If KCU have doubts about the identity of the person making the request we will ask for more information. We will only ask for the minimum of information necessary to confirm the requester’s identity.
The individual will be informed without undue delay and within one month that we need more information from them to confirm their identity and the church does not need to comply with the request until it has received the additional information.
In the unlikely event that the church has disclosed personal data to third parties, it will make every effort to contact each recipient and inform them of the correction or completion of the personal data – unless this proves impossible or involves disproportionate effort. If asked to, KCU will inform the individual about these recipients.
Erasure of data
Should any individual request that KCU removes all data concerning them that is held by the church, the DPO will undertake the removal of all such data from records and databases except those which are required by our auditors, to ensure safeguarding records are complete or any other area where we have a duty for legal compliance.
All staff are required to comply with the DPO’s request to ensure their computers and mobile devices are included in this erasure.
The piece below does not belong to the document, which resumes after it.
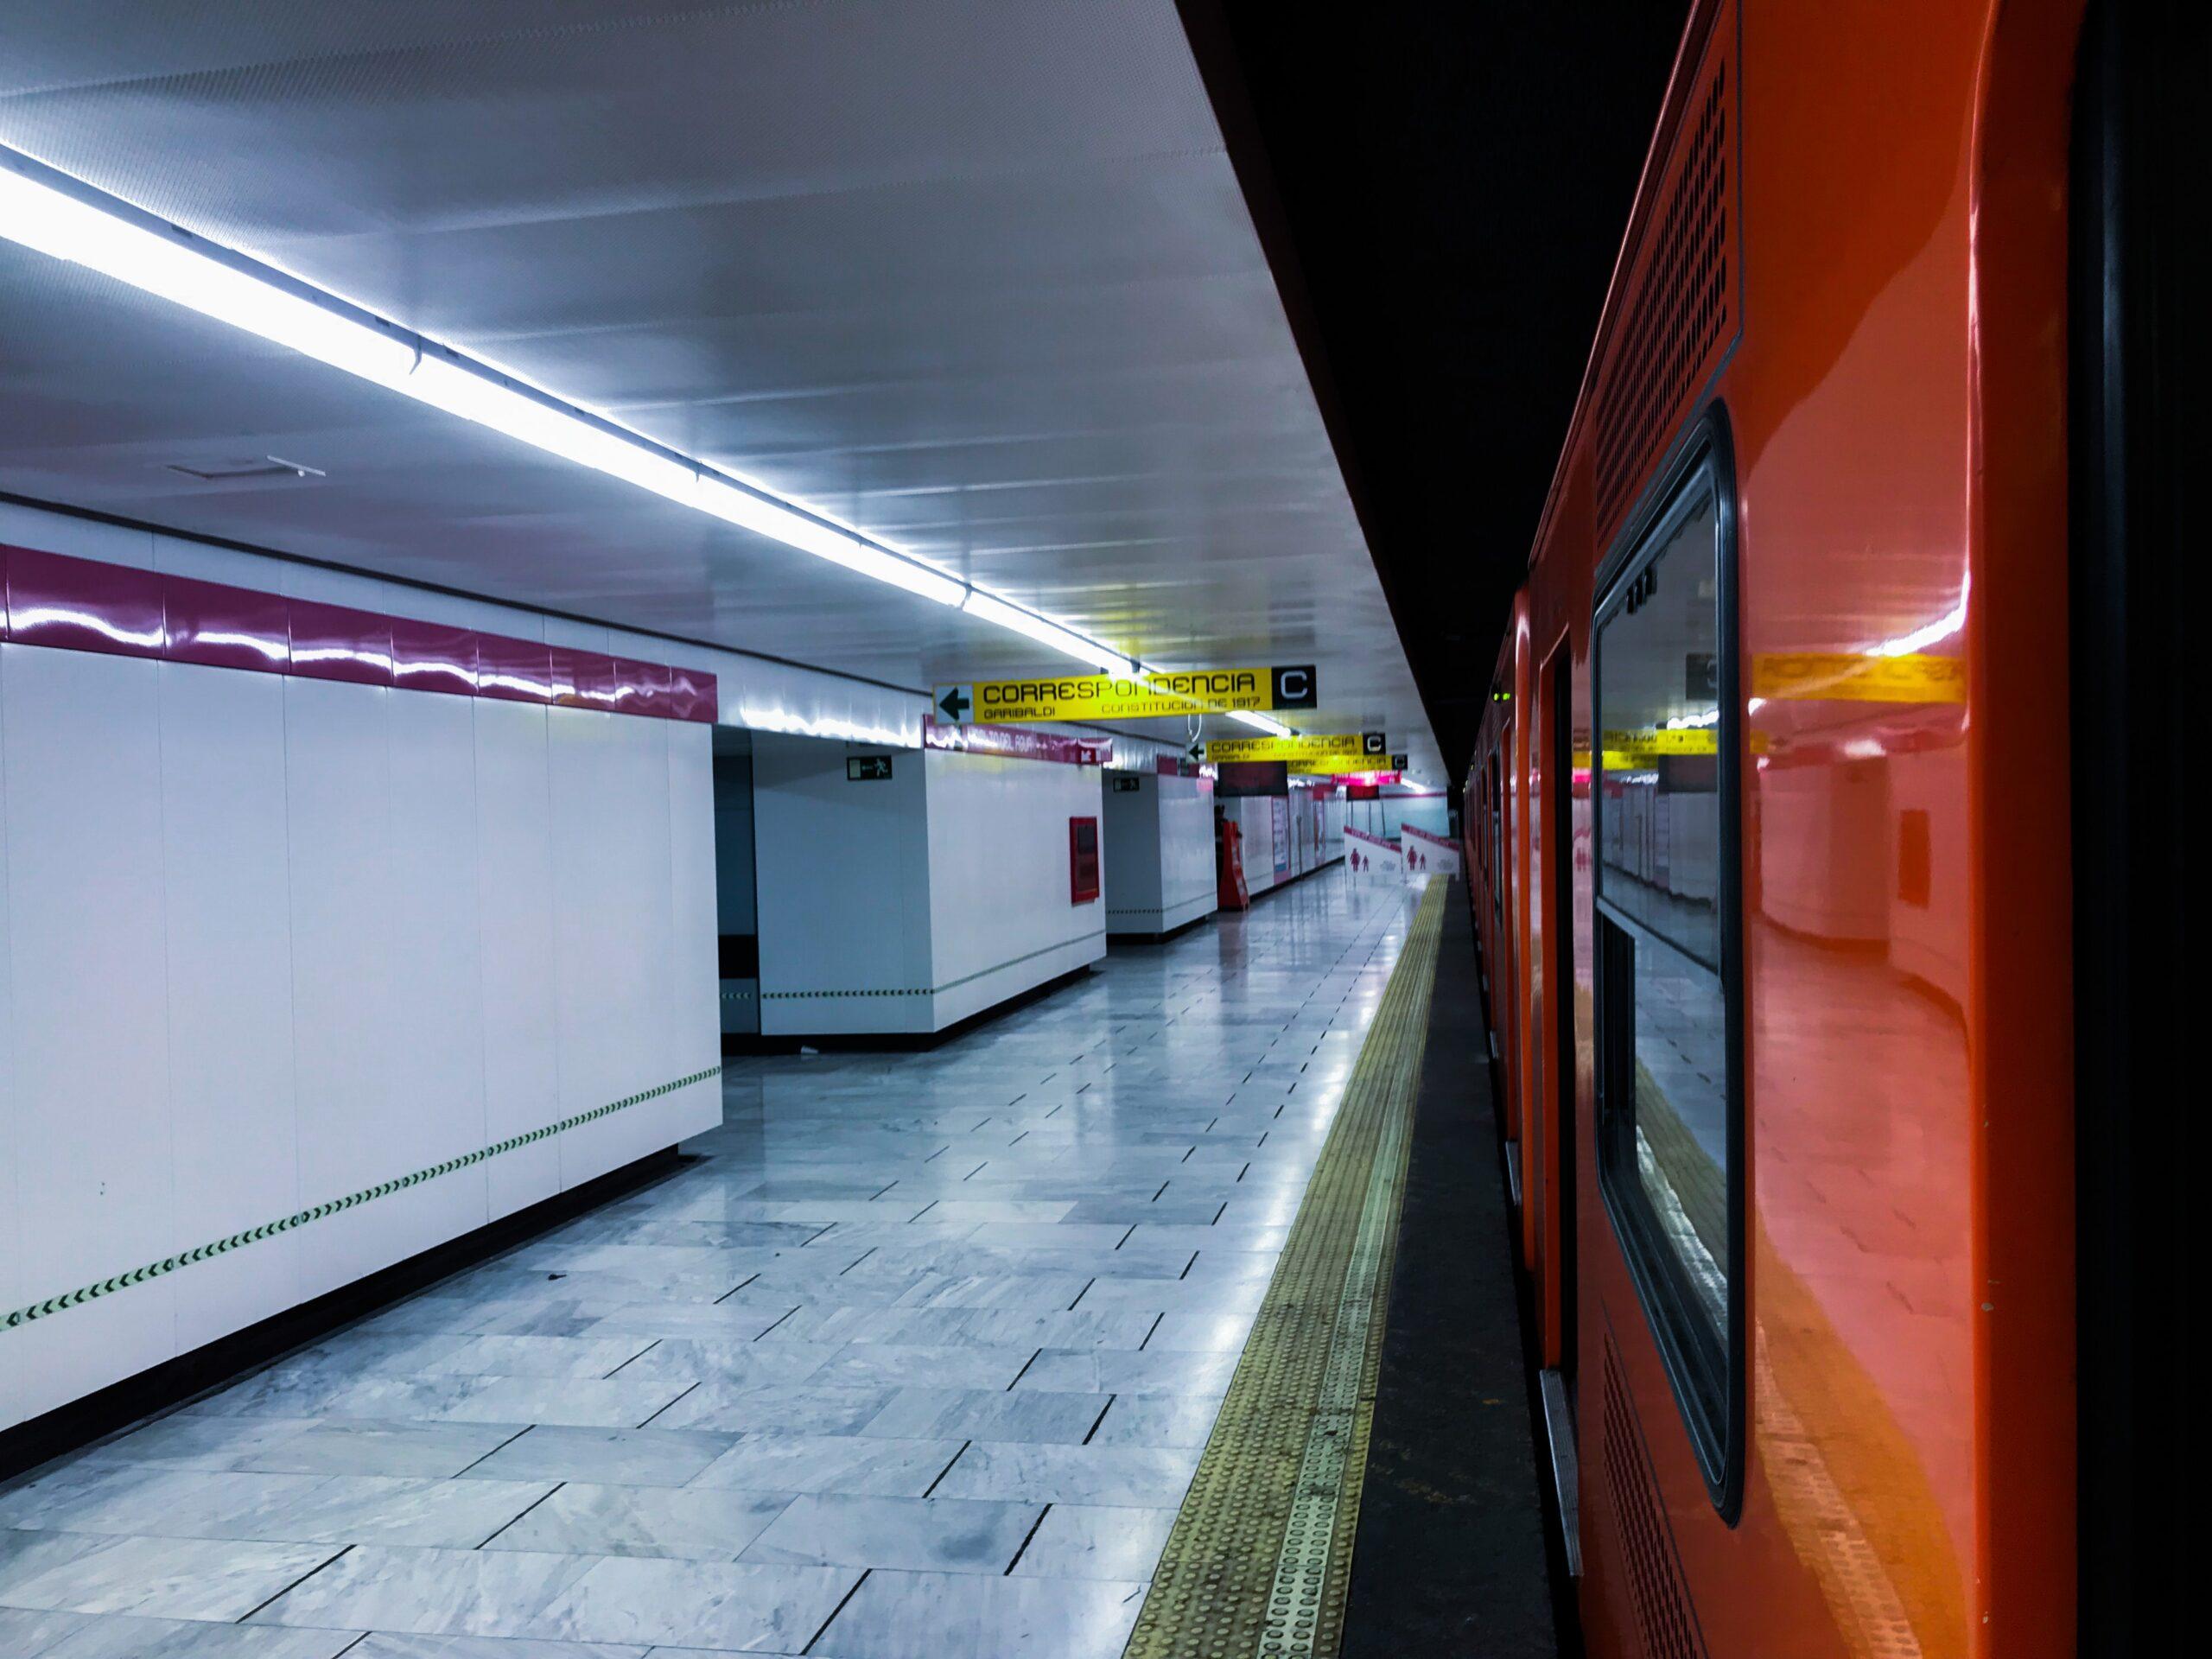 Accidente en línea 12 del Metro: crónica de un desplome anunciado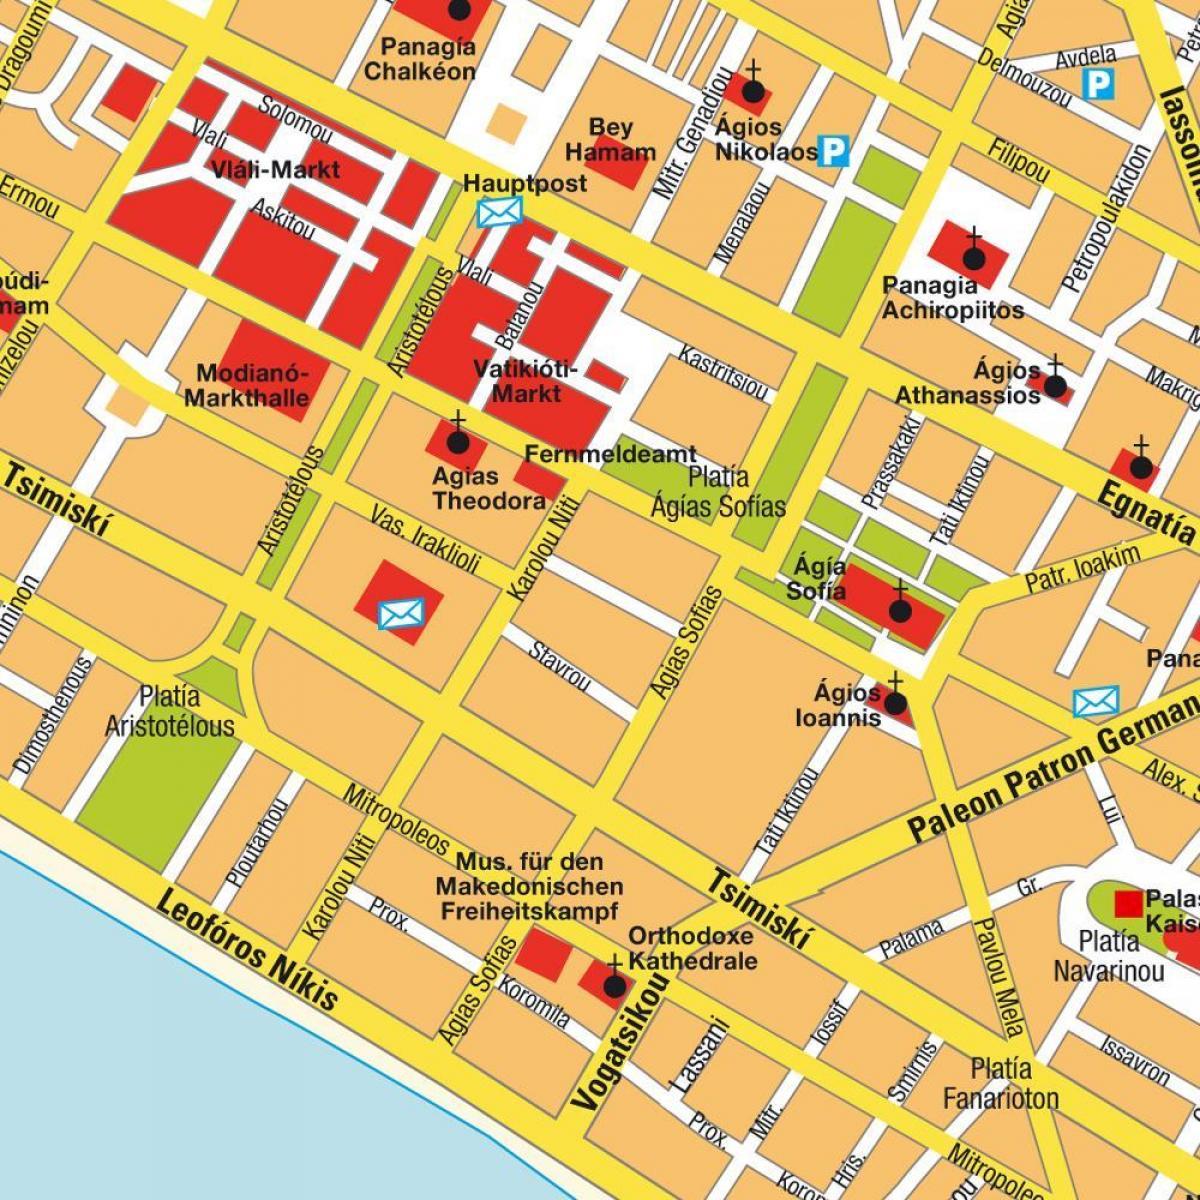 Thessaloniki Karte.Griechenland Thessaloniki Karte Karte Von Griechenland Mit Sitz In

However, KCU members, who are not controlled by the church, can be requested to do so, but the church cannot enforce this request.
Erasure will include removal of the following data:
• Contact information in printed and digital forms from that point forward
• Any emails sent by or to the individual that do not pertain to relevant auditing or safeguarding issues
• Any files or documents that relate to the individual that do not pertain to relevant auditing or safeguarding issues
You can grant consent to all the purposes; one of the purposes or none of the purposes contained in this privacy statement.
Where you do not grant consent we will not be able to use your personal data except in certain limited situations, such as where required to do so by law or to protect members of the public from serious harm. This will mean you will not be sent email updates or other communications from the church, but we will have to retain some data, i.e. giving or safeguarding matters, to satisfy legislation in terms of our record keeping.
If you do grant consent, please note you can withdraw your consent to all or any one of the above purposes at any time by contacting the Church Administrator at firstname.lastname@example.org. Please note that all processing of your personal data will cease once you have withdrawn consent but this will not affect any personal data that has already been processed prior to this point.
If we wish to use your personal data for a new purpose, not covered by this Data Privacy Statement, then we will provide you with a new notice explaining this new use prior to commencing the processing and setting out the relevant purposes and processing conditions. Where and whenever necessary, we will seek your prior consent to the new processing.